Why the US Army wants an ‘aerial tier network’ for better communications
Mountains and other natural obstacles can make talking to one another hard. Drones and other aircraft could help.
When Army cadets at West Point train in the surrounding mountain valleys and field courses, they are learning to fight war in what the military terms a “passively denied environment.” The term means that the natural landscape interferes with radio signals, making it hard for the soldiers-in-training to communicate as they might in an open field.
While the military practices for this, and has decades of experience fighting wars in urban and mountainous terrain, another possibility is to use new technologies to create a signal relay between soldiers in the terrain and commanders farther away. To get there, the Army is developing an “aerial tier network,” or a system of flying machines that can serve as a signal relay.
An “[Aerial Tier Network] allows us to send data up to an asset in the aerial tier and then back down, permitting the signal to hop over obstructions to effectively obtain more nodes and extend the area of communication,” said Scott Newman, a project manager with the Army’s Program Executive Office Command Control Communications-Tactical.
In other words, having an aircraft available to relay signals means soldiers fighting in one valley can share information with soldiers on the other side of the ridge, without worrying that the signal is lost. As battlefields sprawl, encompassing villages, city neighborhoods, or great swaths of rough terrain, staying in touch with friendly forces over distance becomes more important.

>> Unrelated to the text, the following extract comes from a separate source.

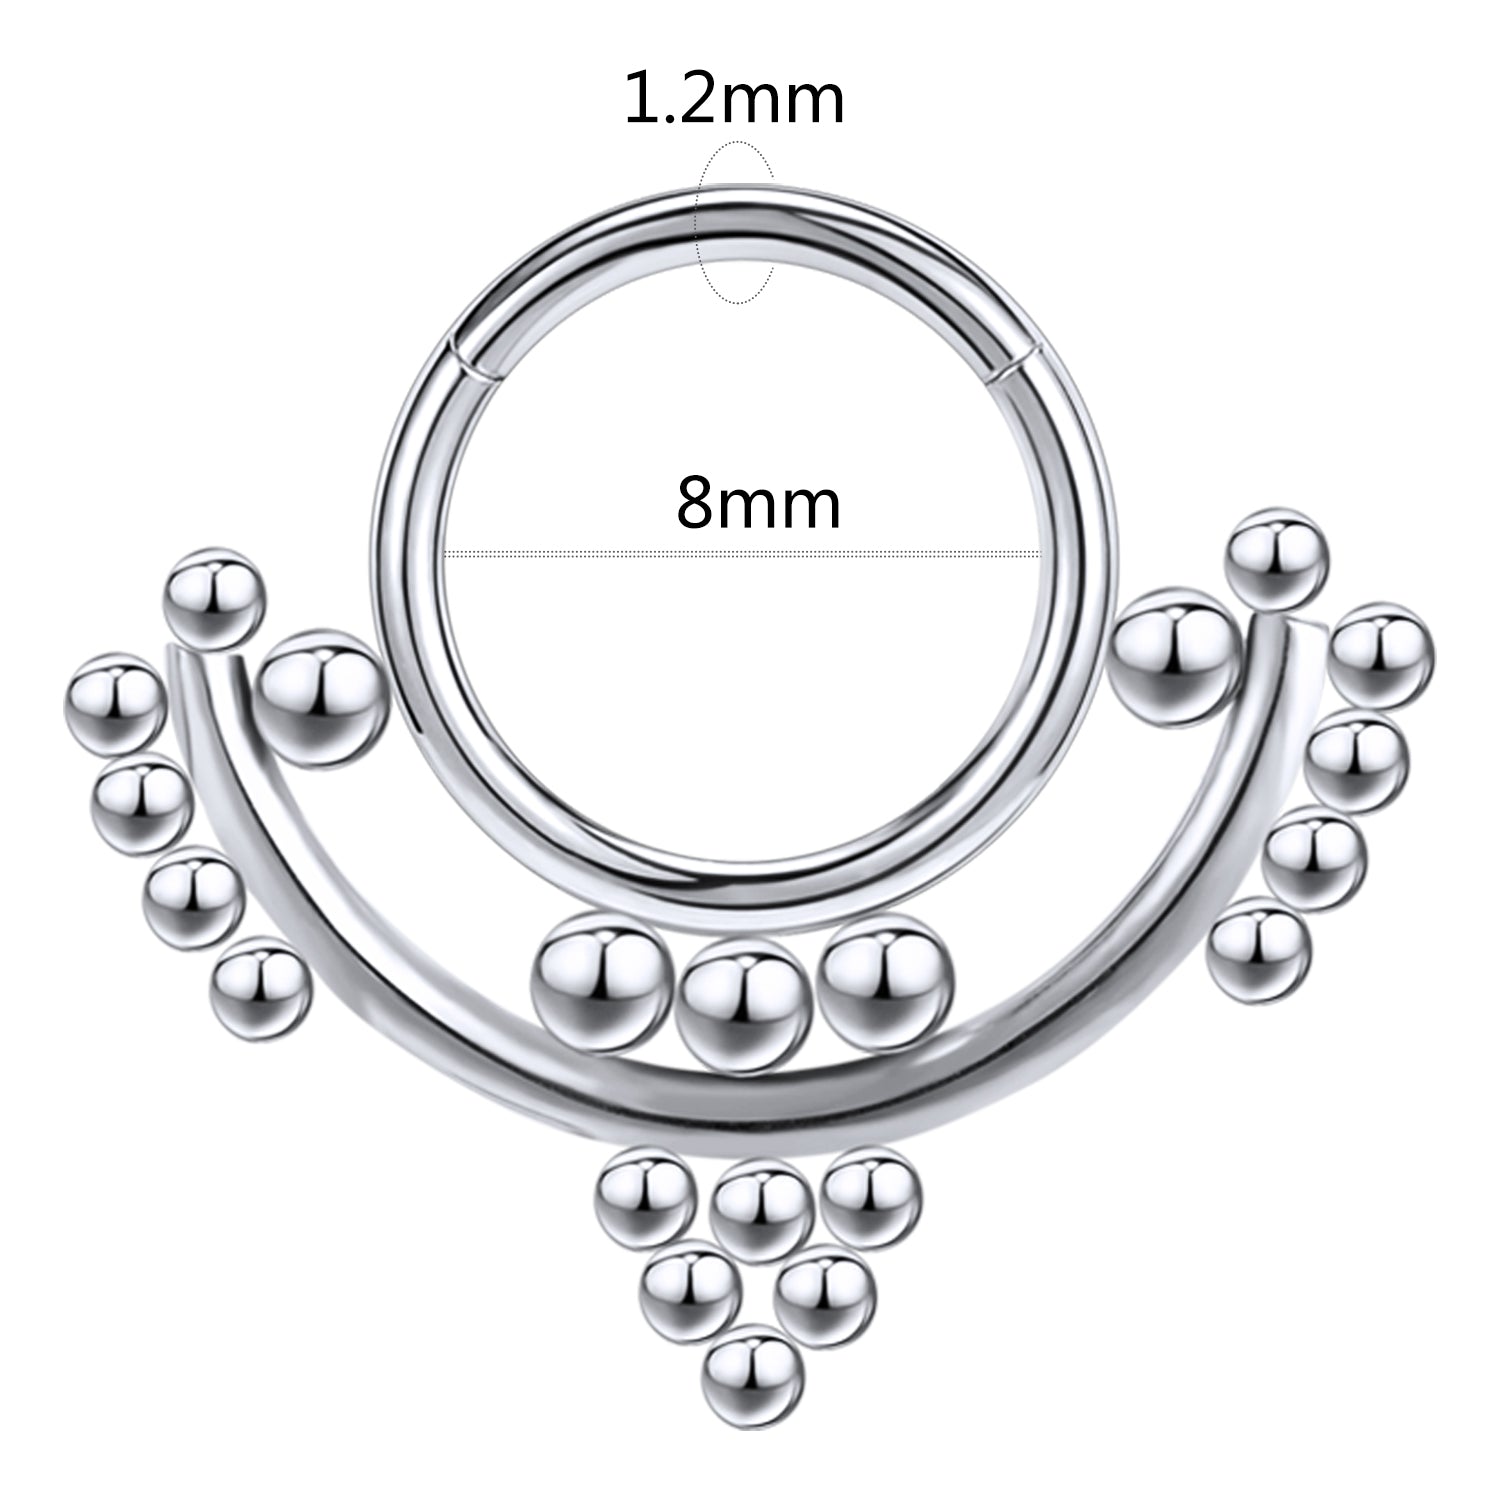 16g-gothic-balls-nose-septum-ring-stainless-steel-clicker-cartilage-helix-piercing

Losing communication can mean getting isolated, ambushed, or simply not advancing quickly enough. Maintaining a communication link can instead let soldiers outmaneuver their enemies, spot weaknesses, share information about attacks, and maintain cohesion while fighting as part of a larger force.
In the 2021 Project Convergence technology demonstration, the Army used drones to facilitate this over-the-hill communication, though the aerial tier network can work with more than just drones. Provided the aircraft can receive and relay signals, the job could be performed by circling planes, helicopters operating in the area, or even new aircraft in the works as part of the Army’s Future Vertical Lift program.
In May, reports C4ISRNET, Greg Napoli of the Army Futures Command Network Cross-Functional Team told an industry meeting that Aerial Tier could mean everything from armed planes to aerostats, which are basically tethered balloons with communications relays. Other options include tall, portable relay antennas and drones.
At present, this kind of up-and-over-the-hill communication is done through satellites, but satellites have limits. While many communications networks aim for reliable continuous global coverage, the signals can be blocked by jammers, and the satellites could be vulnerable in a war if a country uses anti-satellite missiles or other space weaponry to destroy them.
An aerial network, instead, can be brought to where the soldiers are, and offers a communication link immediately overhead, with one that can be taken down and transported elsewhere as the fighting shifts. All of this is designed to enhance the Army’s ability to stay in touch and coordinate while spaced apart from friendly forces. This kind of dispersed communication is called NLOS, for “Not Line of Sight.”
Future developments to improve this kind of networked communication will influence how the Army develops its Relay for Air NLOS Ground Environments (RANGE). Extending the distance over which a relay can work, as the clunky acronym RANGE spells out, allows soldiers to operate farther from one another while still maintaining useful contact.
The way an Army talks to its component parts shapes how it can fight. Modern warfare is sensor-rich, with cameras on drones and tanks, radar from aircraft, thermal imaging in soldier-worn goggles, and more, all contributing to a vast collection of information in the field. Turning that information from observation to action means analyzing it and sharing it, letting artillery a few miles back pinpoint a target spotted by a drone flown by scouts. The communications network between all these parts makes the whole operation sing, facilitating devastating assaults and clean retreats.
As the Army develops new aircraft to support soldiers in the field, Aerial Tier Networks connect those aircraft to the fighting on the ground, making these relays crucial to how the Army communicates. Better communication between nearby forces means that when fighting happens, reinforcements can be in place, allies can know where the danger is, and the odds can be stacked in favor of the Army. Firefights are chaotic moments, full of sound and danger as soldiers exchange fire and try to survive long enough to win.
With the Aerial Tier Network, the Army intends to make communication in difficult terrain as easy as it is in open plains.